Germany’s government has come to an agreement on a deal involving Hamburg’s port that will allow a Chinese state company to buy a stake in one of its terminals.

The port, one of the world’s largest, had come under pressure from at least six government departments but the deal was eventually pushed through by chancellor Olaf Scholz’s ministry. Hurriyet Daily News reported that the European Commission had also resisted the move.

Under its new strictures, the Chinese firm Cosco will now have only a minority share in the venture.

As Politico reported: “The issue is politically sensitive, with politicians from the Green party and liberal FDP having expressed concerns about undue Chinese influence over critical infrastructure — particularly after Russia’s invasion of Ukraine laid bare Europe’s energy dependency on autocratic third countries.”

It added: “Now, the government ministries have reached a deal: If approved, it would allow Chinese company Cosco to buy only 24.9% instead of 35% of the shipping company that runs the terminal, Hamburger Hafen und Logistik (HHLA) […] As a minority shareholder, this would prevent Cosco from having a formal say over strategy.”

However, there are still many warning that the transaction remains problematic.

As Rolf Langhammer from the Kiel Institute for the World Economy explains in the ARD magazine Panorama: “The long-term strategy of the Chinese could, of course, be to seize control of the entire supply chain, both digital and maritime, in Europe. This could give China a competitive advantage or initiate an ‘abuse of economic power’.”

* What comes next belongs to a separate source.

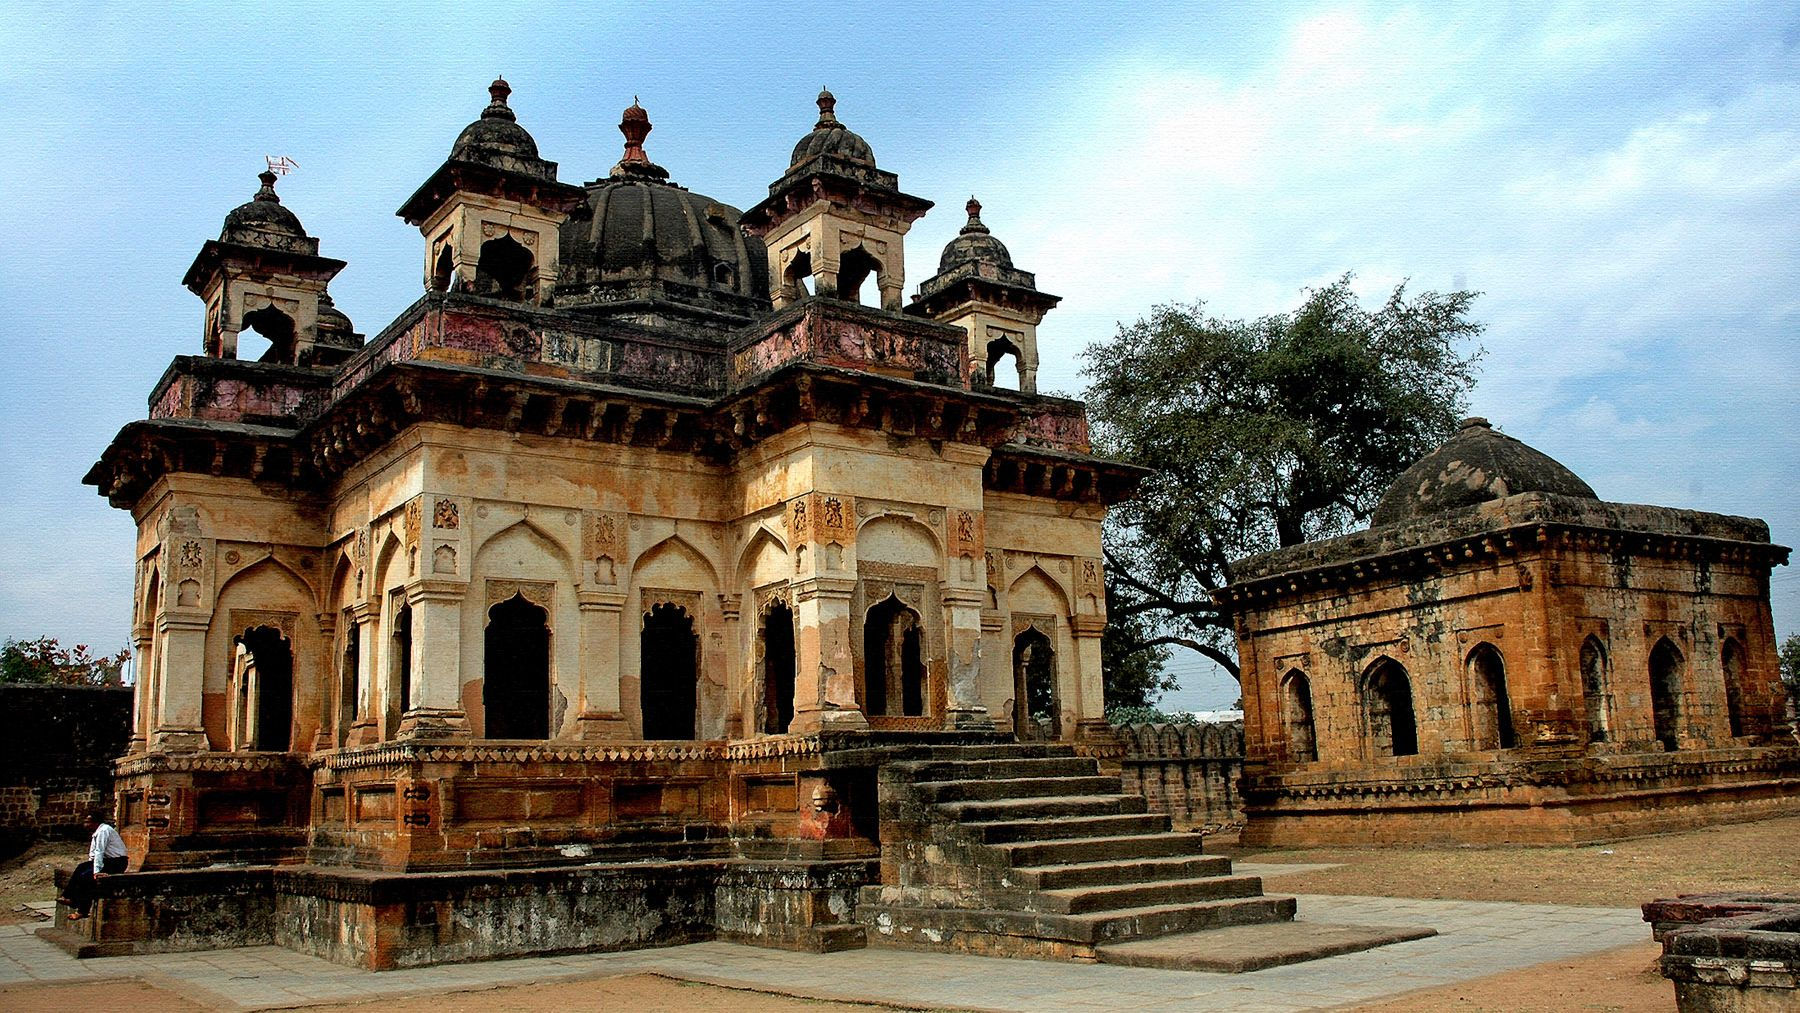 Chandrapur's Royal Gond Legacy

And as Politico reported earlier this month: “A stake in Hamburg, Europe’s third largest port, is just another piece in that puzzle for Beijing, and many don’t like it. The logic of encouraging Chinese investment is that those ports would then be favored by Chinese shippers that take their business there. That sparks a race among northern European ports to come to arrangements with the Chinese.”

Much of the tumult in Germany seems to place this Chinese investment in the context of the country’s Belt and Road Initiative (BRI). That scheme, on a macro view, is a plan to develop two new trade routes connecting China with the rest of the world. The subject was covered briefly in a segment on the HBO show Last Week Tonight.

“But the initiative,” wrote Dr Yu Jie and Jon Wallace of Chatham House last year, “is about far more than infrastructure. It is an effort to develop an expanded, interdependent market for China, grow China’s economic and political power, and create the right conditions for China to build a high technology economy.”

Elsewhere, the authors wrote: “’Debt trap diplomacy’ is the accusation that China uses Belt and Road as part of a manipulative global strategy, funding major infrastructure projects in developing nations with unsustainable loans, then using the debt to gain leverage over those governments. The accusation was sparked by projects such as the Hambantota Port Development in Sri Lanka. The Sri Lankan government was unable to service the Chinese loans which funded the project, and the port was handed to the Chinese on a 99-year lease in 2017 – echoing tactics employed by 19th century European Imperialists against Qing dynasty China.”